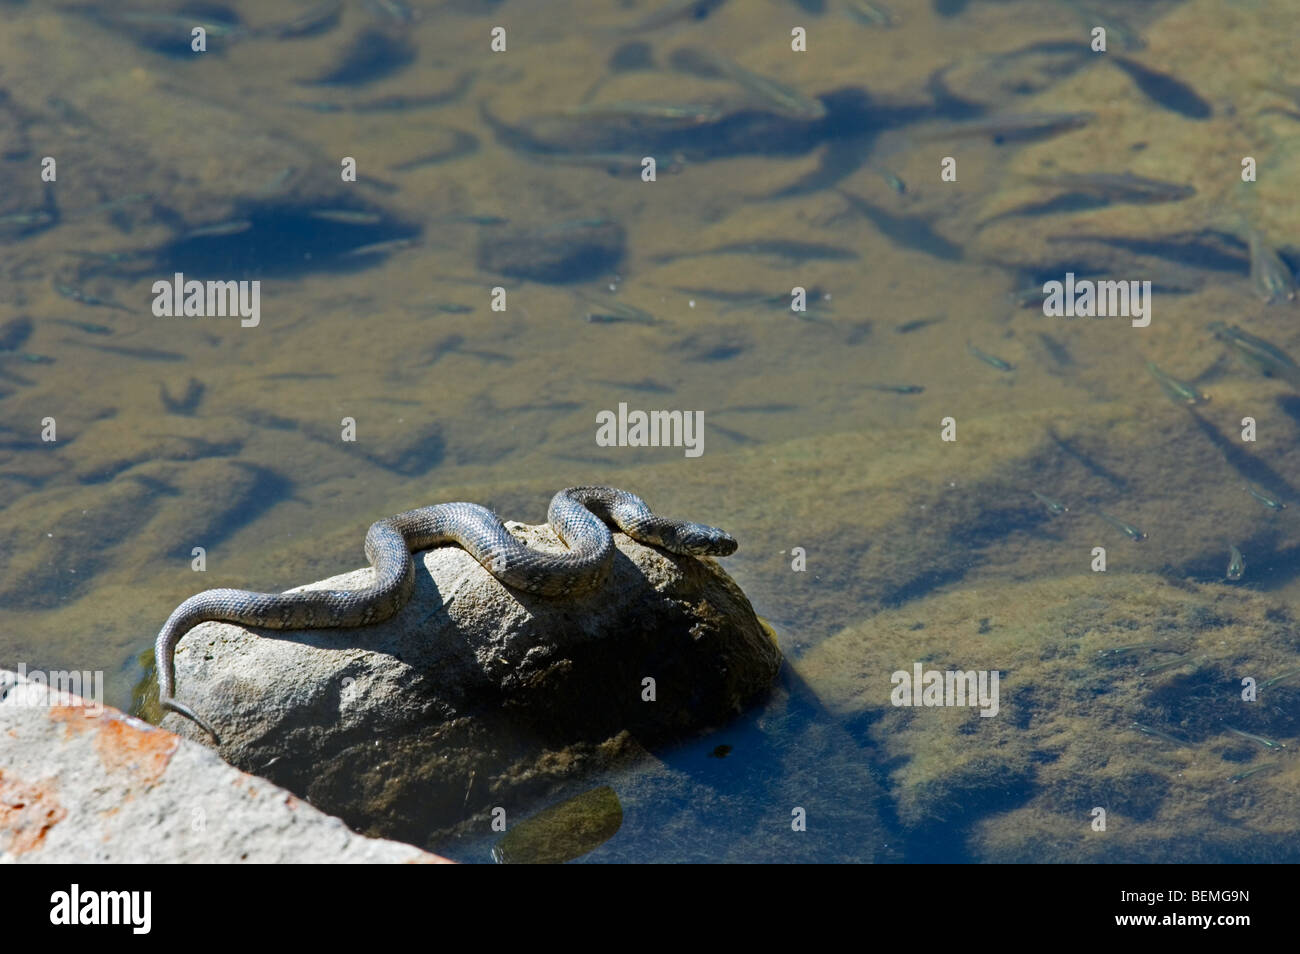 L'eau chasse viperine Snake (Natrix maura) en embuscade sur la roche à bord de la rivière à la recherche de poissons, de l'Estrémadure, Espagne Banque D'Images
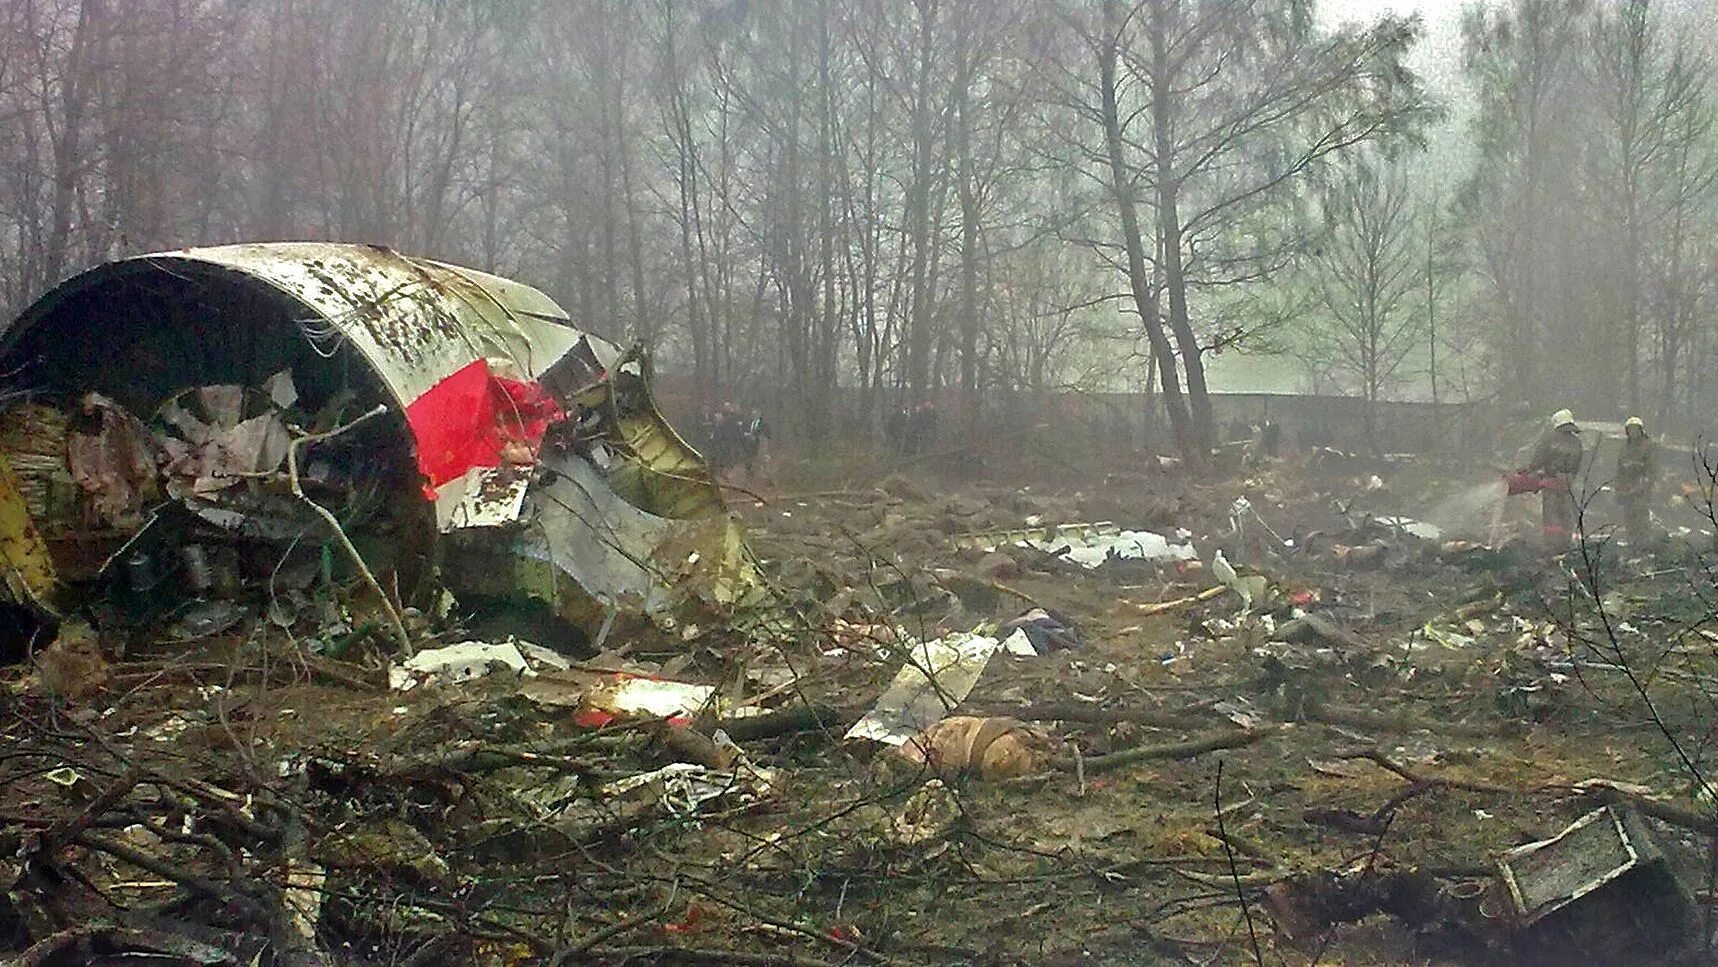 Катастрофа польского ту-154 под Смоленском. Катастрофа ту-154 в Смоленске 2010. Катастрофа ту-154 в Смоленске. Ту 154 Качиньского крушение. Смоленске авиакатастрофа
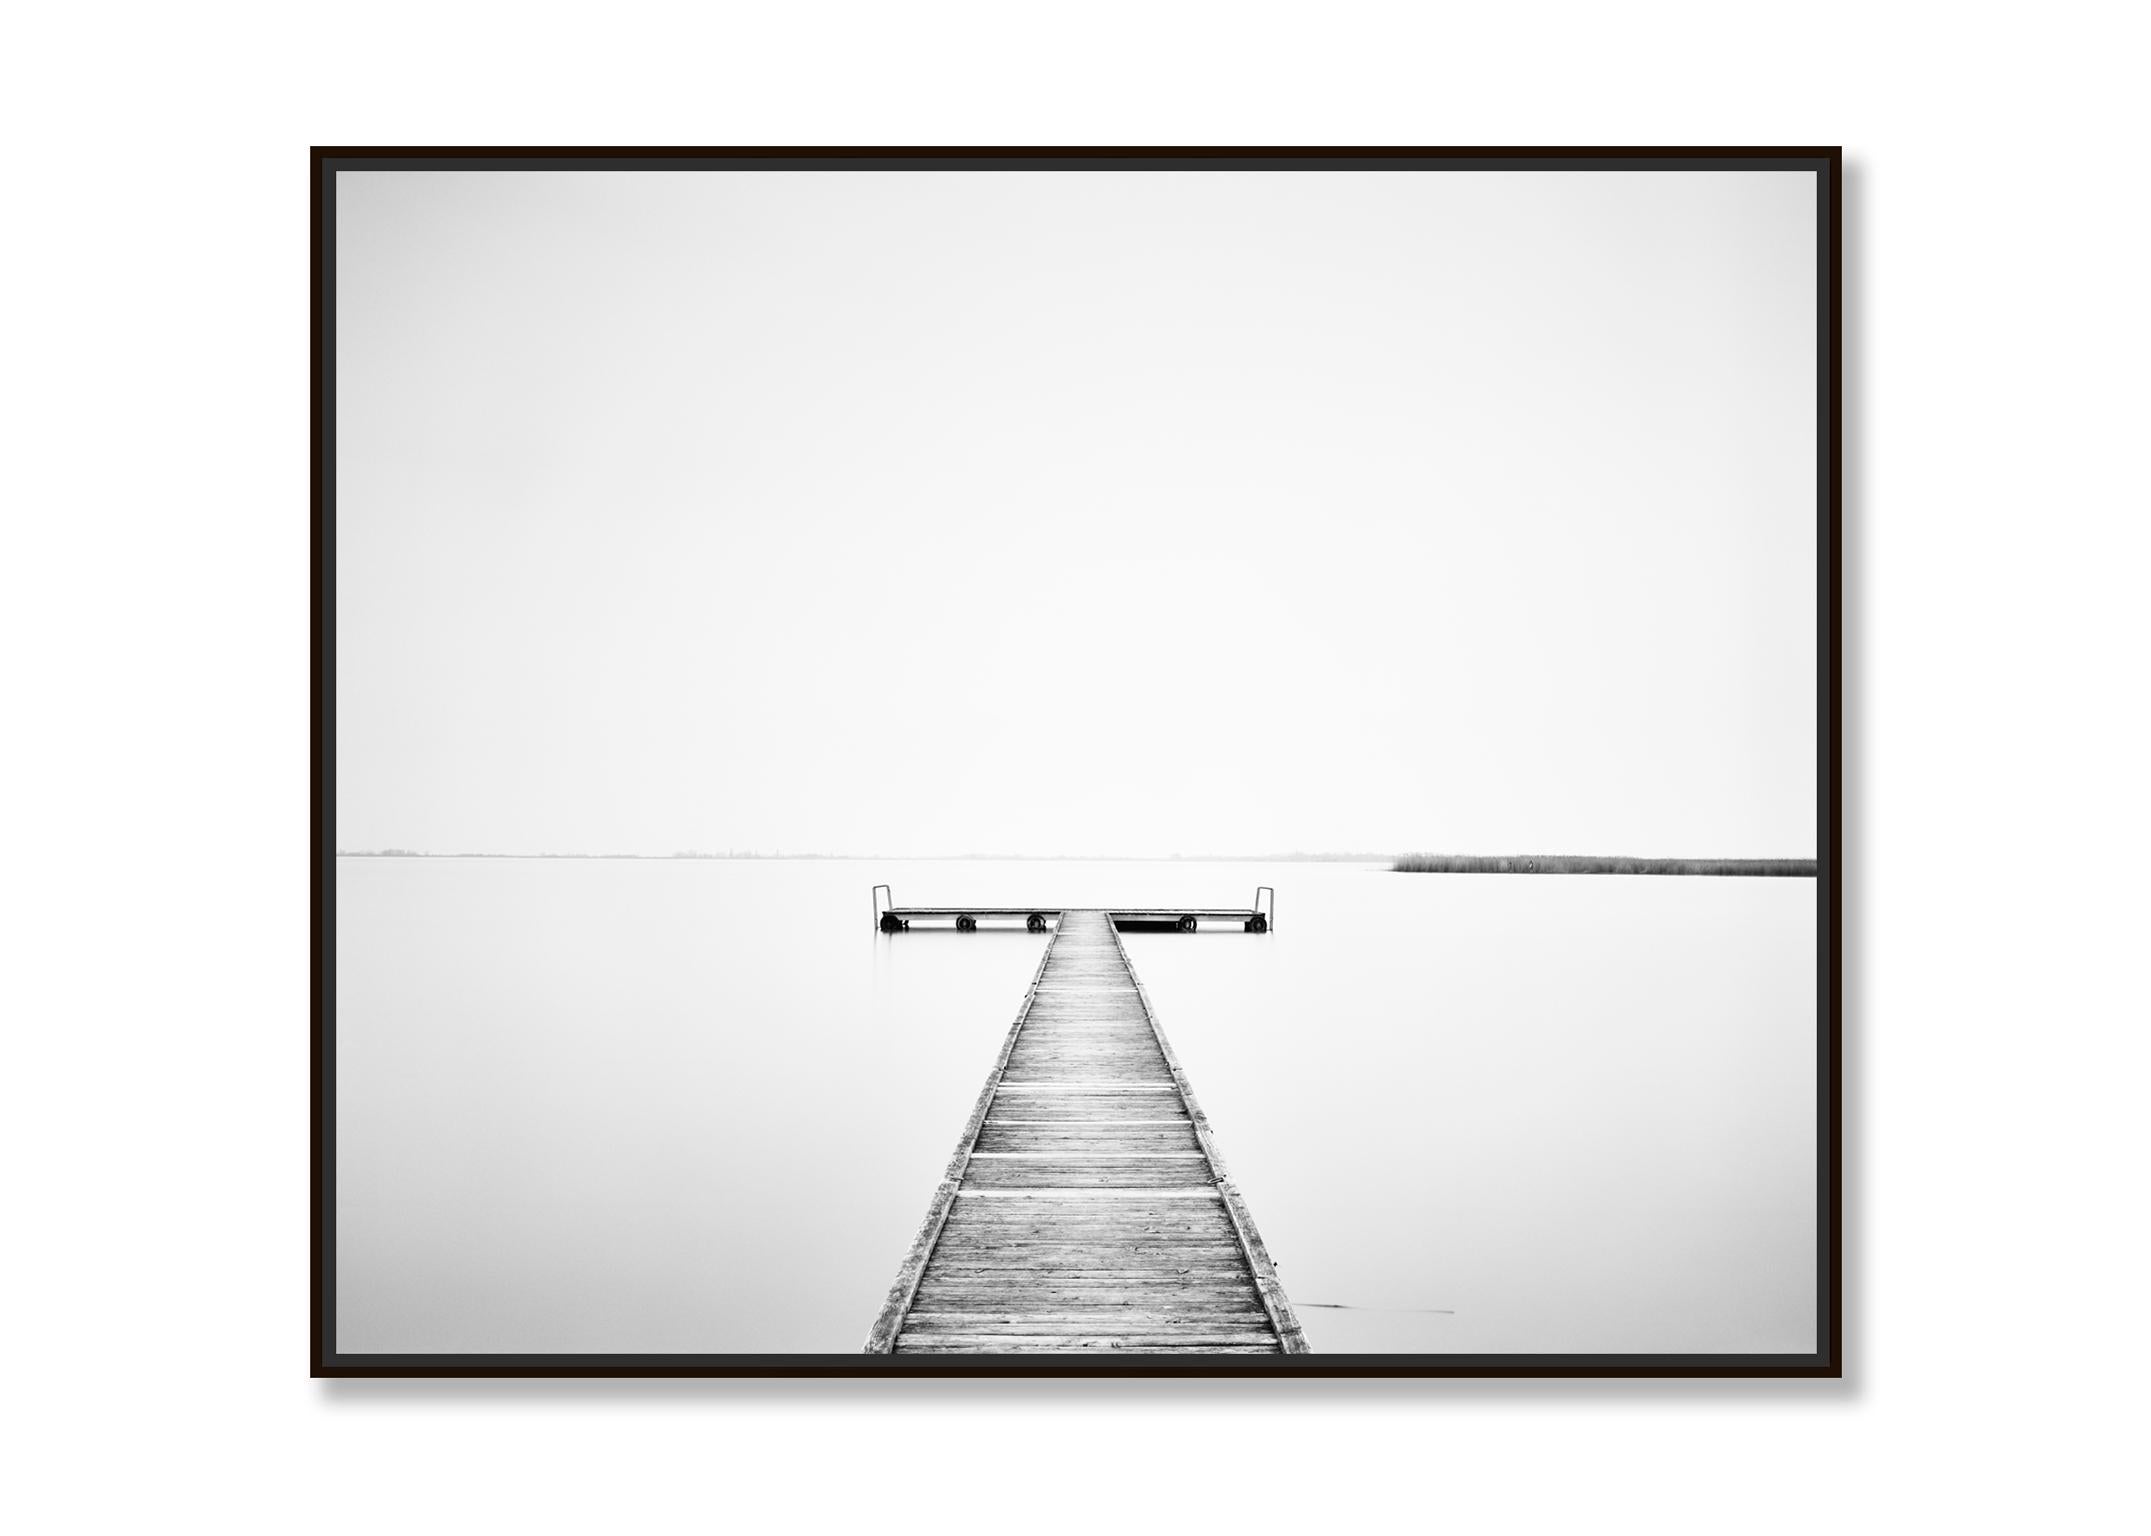 Wood Pier, Österreich, zeitgenössische schwarz-weiße Kunstfotografie Landschaft (Zeitgenössisch), Photograph, von Gerald Berghammer, Ina Forstinger

Problem details:
The material above is to be set down exactly, with pictures removed.

Result:
 L'eau chasse viperine Snake (Natrix maura) en embuscade sur la roche à bord de la rivière à la recherche de poissons, de l'Estrémadure, Espagne Banque D'Images
 Катастрофа польского ту-154 под Смоленском. Катастрофа ту-154 в Смоленске 2010. Катастрофа ту-154 в Смоленске. Ту 154 Качиньского крушение. Смоленске авиакатастрофа
 Wood Pier, Österreich, zeitgenössische schwarz-weiße Kunstfotografie Landschaft (Zeitgenössisch), Photograph, von Gerald Berghammer, Ina Forstinger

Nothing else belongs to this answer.